Redundancy guide for employers - FAQs

We can work with you in a straightforward and professional way to ensure that you adhere carefully to the law, while also being aware that redundancy is an emotional issue for both parties. Read our redundancy FAQs which our experts have put together to help you.


When may a redundancy happen?

A role will be redundant where there is:

A business closure – where a whole business closes down and stops operating, it is likely that all roles will be redundant 

A workplace closure – where one location of a business closes, the roles in that location may be redundant 

A reduced requirement – where there are proposed changes to the business’s size or structure, and there is a reduced need for employees to work in a role, then that role will be redundant. For example, there may need to be a reduction from 10 to 5 employees in a team

What should you do before embarking on a redundancy exercise?

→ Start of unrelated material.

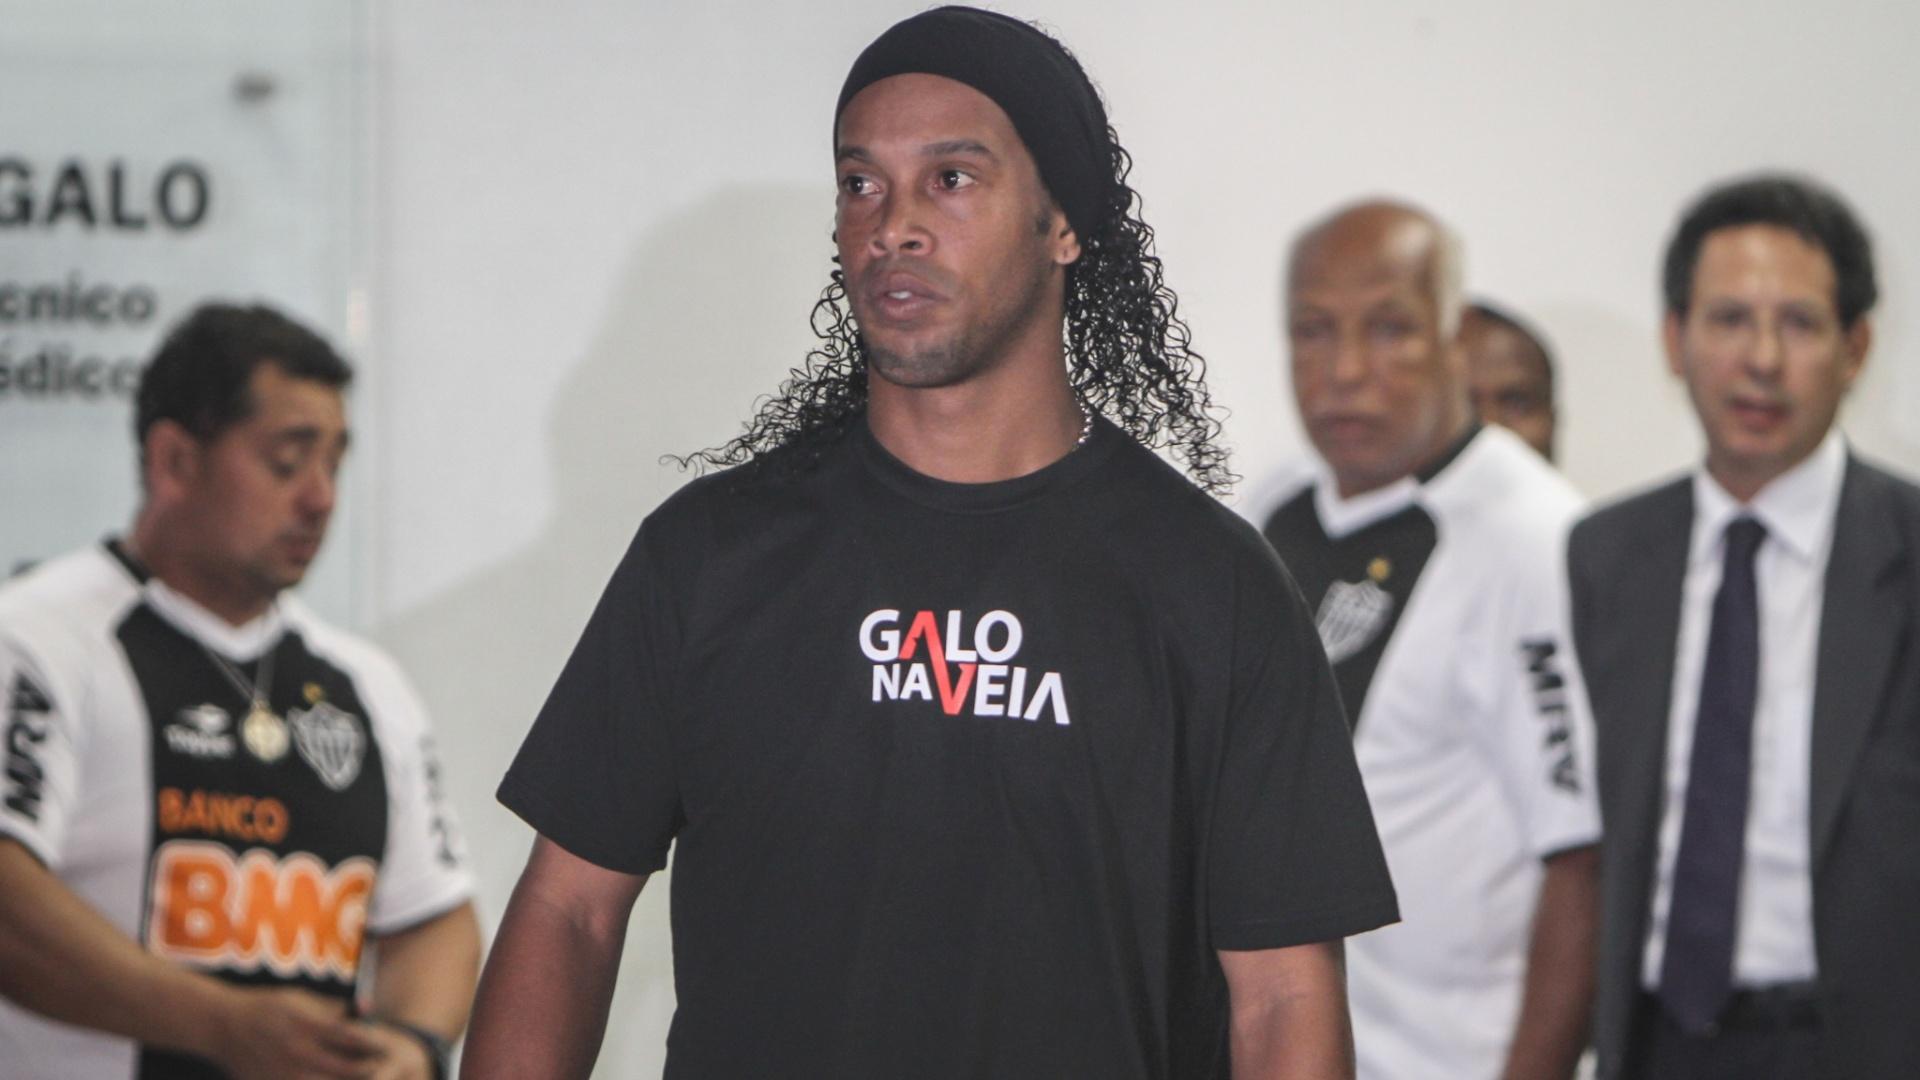 Ronaldinho usa uma camisa com os dizeres 'Galo na veia' em seu primeiro dia no Atlético-MG

Before you embark on proposing to make an employee redundant, you should consider all options available to avoid this. For example, you could: 

• See if staff may accept voluntary redundancy or early retirement 

• Let go of any casual or agency workers 

• Make sure you are not in the process of recruiting new staff for roles which are being targeted

• Try to find suitable alternative employment within the organisation for employees you may be put at risk of redundancy

What constitutes a fair redundancy process?

If you are thinking about making employees redundant, you should follow a process to notify them of their potential selection for redundancy and to consult with them on it and any possible alternatives. This process may take up to several weeks, depending on the number of employees who are at risk of redundancy, and you should only serve notice of termination after you have consulted about the redundancy proposal. 

Usually, a redundancy process will involve these steps: 

  • Placing potentially redundant employees “at risk” of redundancy 
  • Selecting the relevant “at risk” employees for redundancy, using a fair selection process 
  • Consulting with the employee about the proposed redundancy, their selection, how their redundancy might be avoided, and what the company may pay them if they are made redundant 
  • Considering whether there might be any alternatives to redundancy including alternative employment or “bumping” employees in other roles to make space for the redundant employee

We understand that redundancy situations are stressful, for the business and for the individuals affected. Typically, a business which is considering redundancies will weigh up the need to make changes whilst also treating employees fairly. Our redundancy specialists can help guide your business through these difficult processes. We can make sure that the correct process is being followed to produce the best outcome for your business.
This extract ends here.